We investigated data in 373 patients from the EXPLOR trial to determine the influence of heart rate (HR) and blood pressure (BP) on aortic stiffness in response to beta-blockade or angiotensin 2 type 1 receptor antagonism, administered during 24 weeks.
Carotid–femoral pulse wave velocity (PWV) was measured with aplanation tonometry (Sphygmocor ) after 8 (W8) and 24 weeks (W24) of treatment by the single-pill combination valsartan–amlodipine (80/5 mg, then 160/10 mg) or an atenolol–amlodipine combination (50/5 mg, then 100/10 mg) in a prospective, randomized, parallel-groups multicenter trial with PROBE design. Drugs were up-titrated at W8. We analyzed the changes in PWV in relation with the changes in BP and HR, and major covariates, using mixed models in each treatment arm.

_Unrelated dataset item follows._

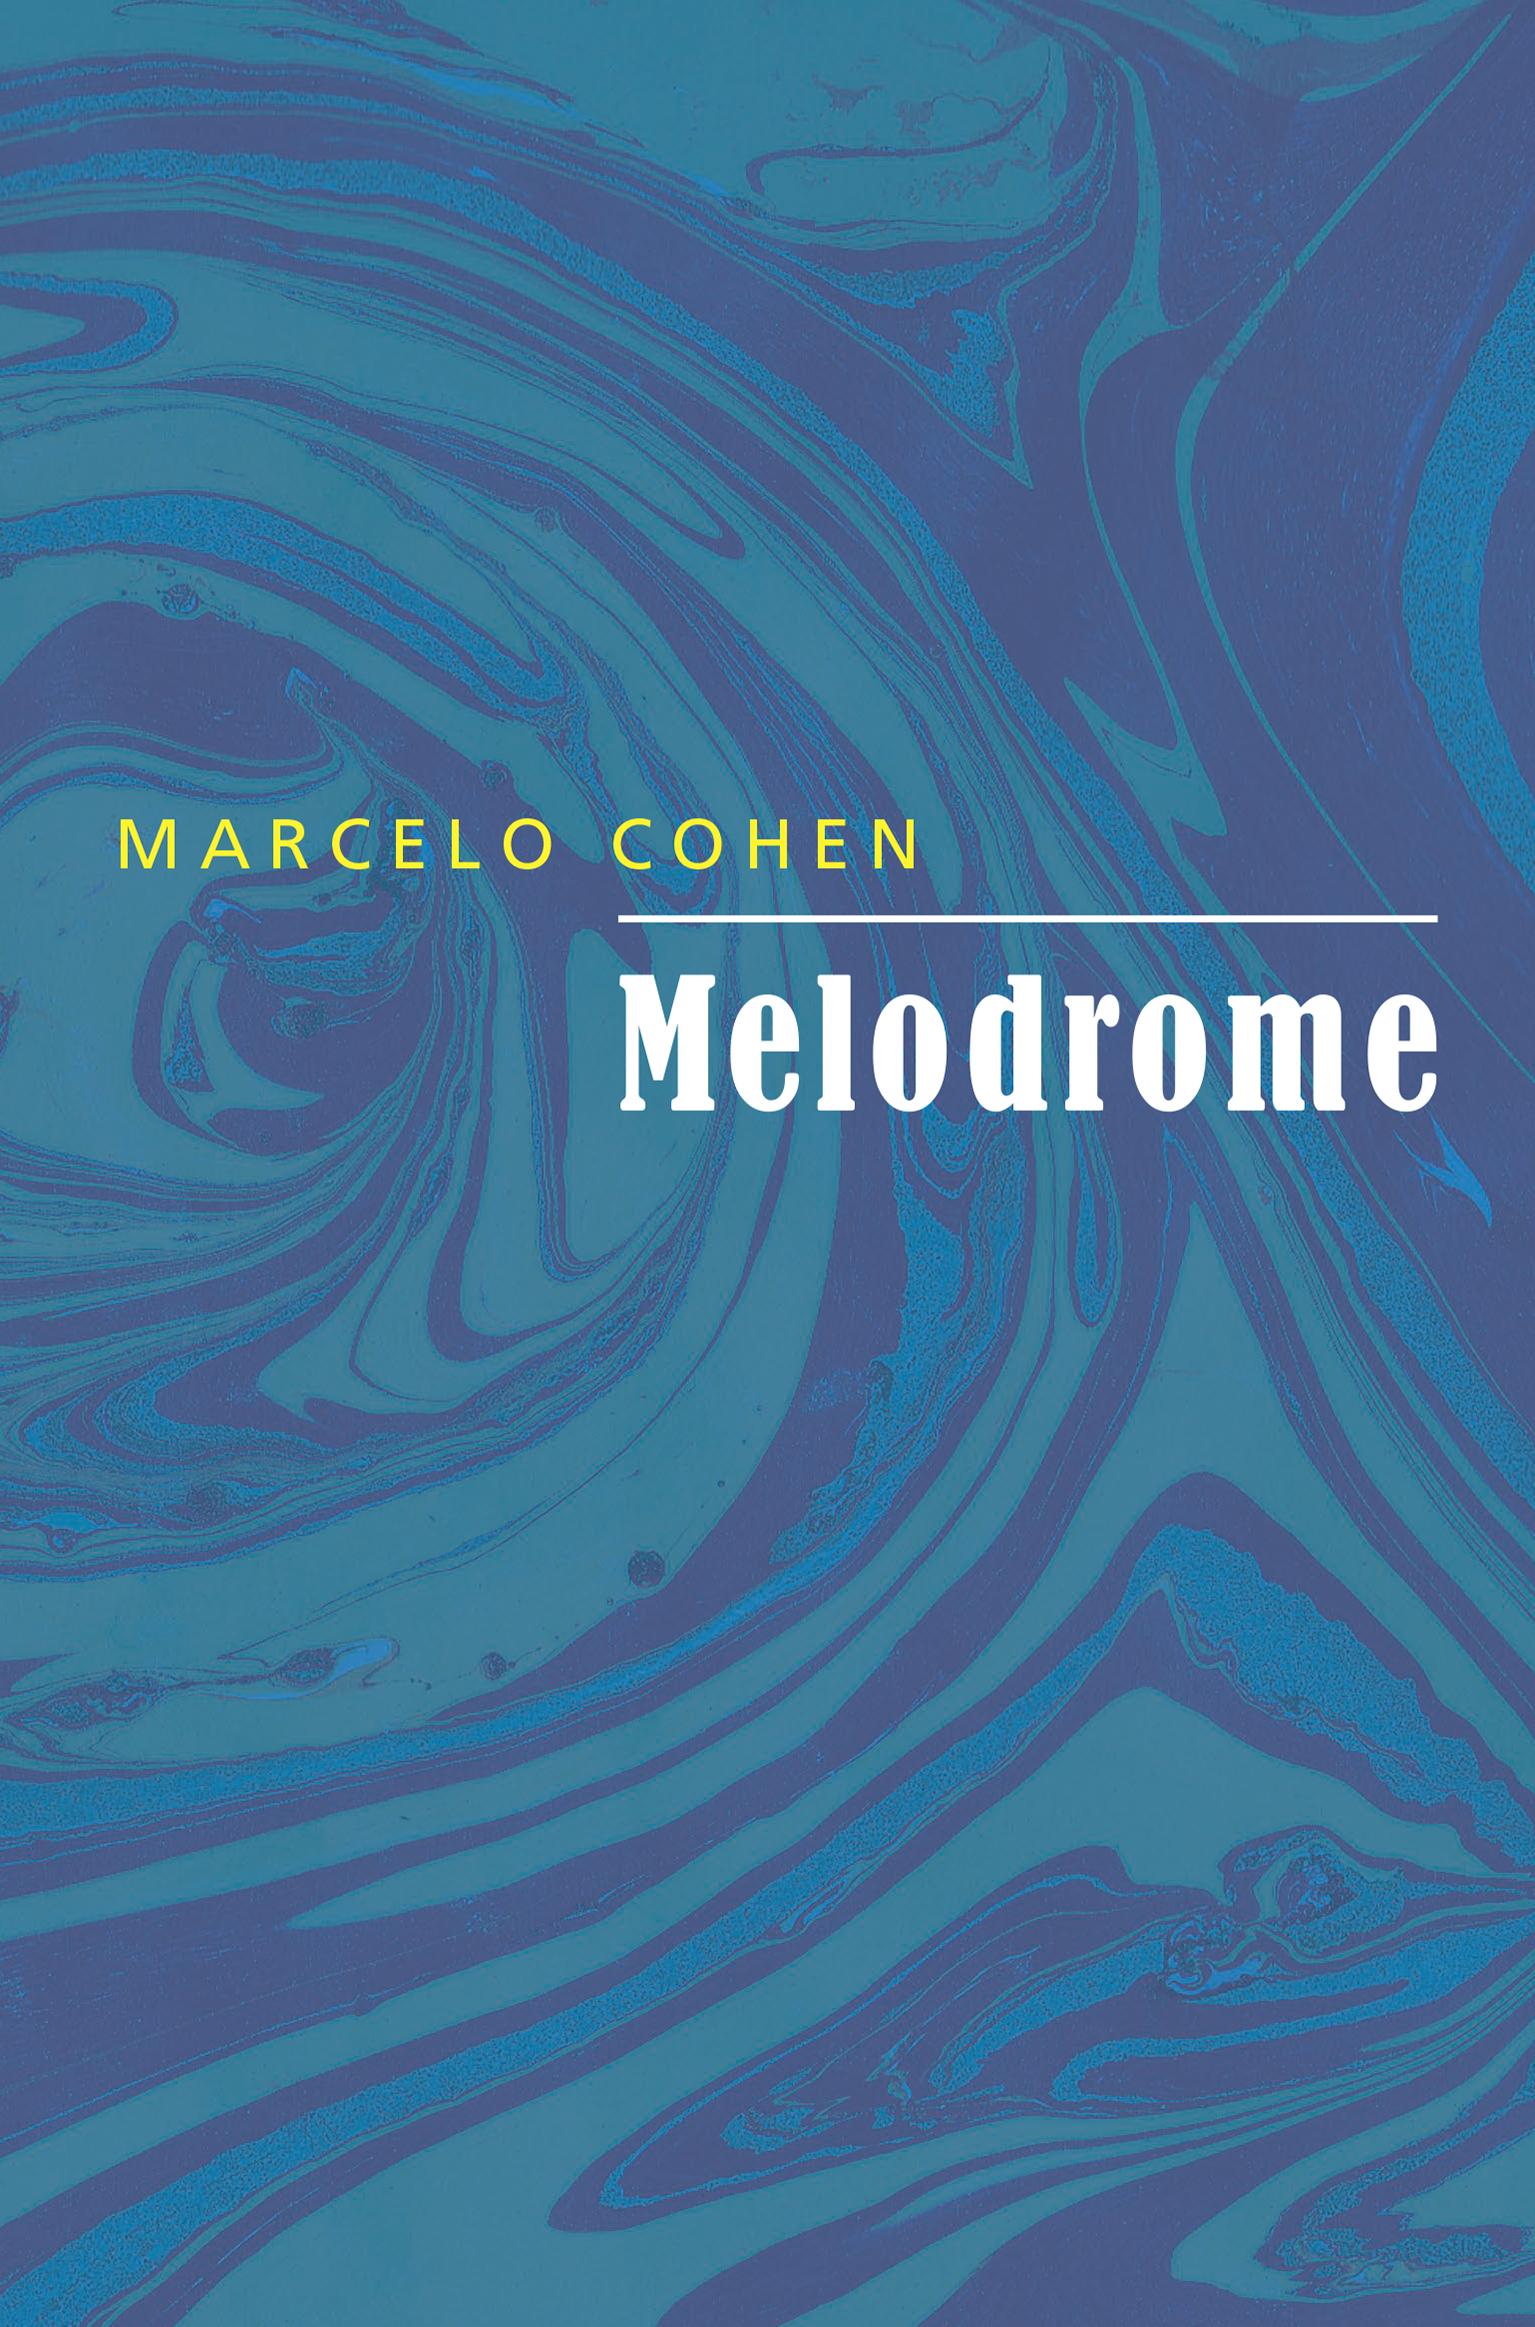 Melodrome

The unadjusted reductions in mean BP and PWV were not significantly different between groups. HR was significantly reduced in the atenolol group, but not in the valsartan group. After adjustment on BP and HR, PWV significantly decreased with valsartan [−0.37 m/s (−0.70 to −0.08) at W8 and −0.43 (−0.76 to −0.10) m/s at W24], whereas no significant change was observed after atenolol [−0.16 m/s (−0.49 to 0.17) at W8 and −0.05 (−0.35 to 0.44) m/s at W24].
These findings suggest that the reduction in PWV observed after atenolol could be explained by changes in BP and HR, whereas in patients treated by valsartan, about half of the decrease in aortic stiffness was BP-independent.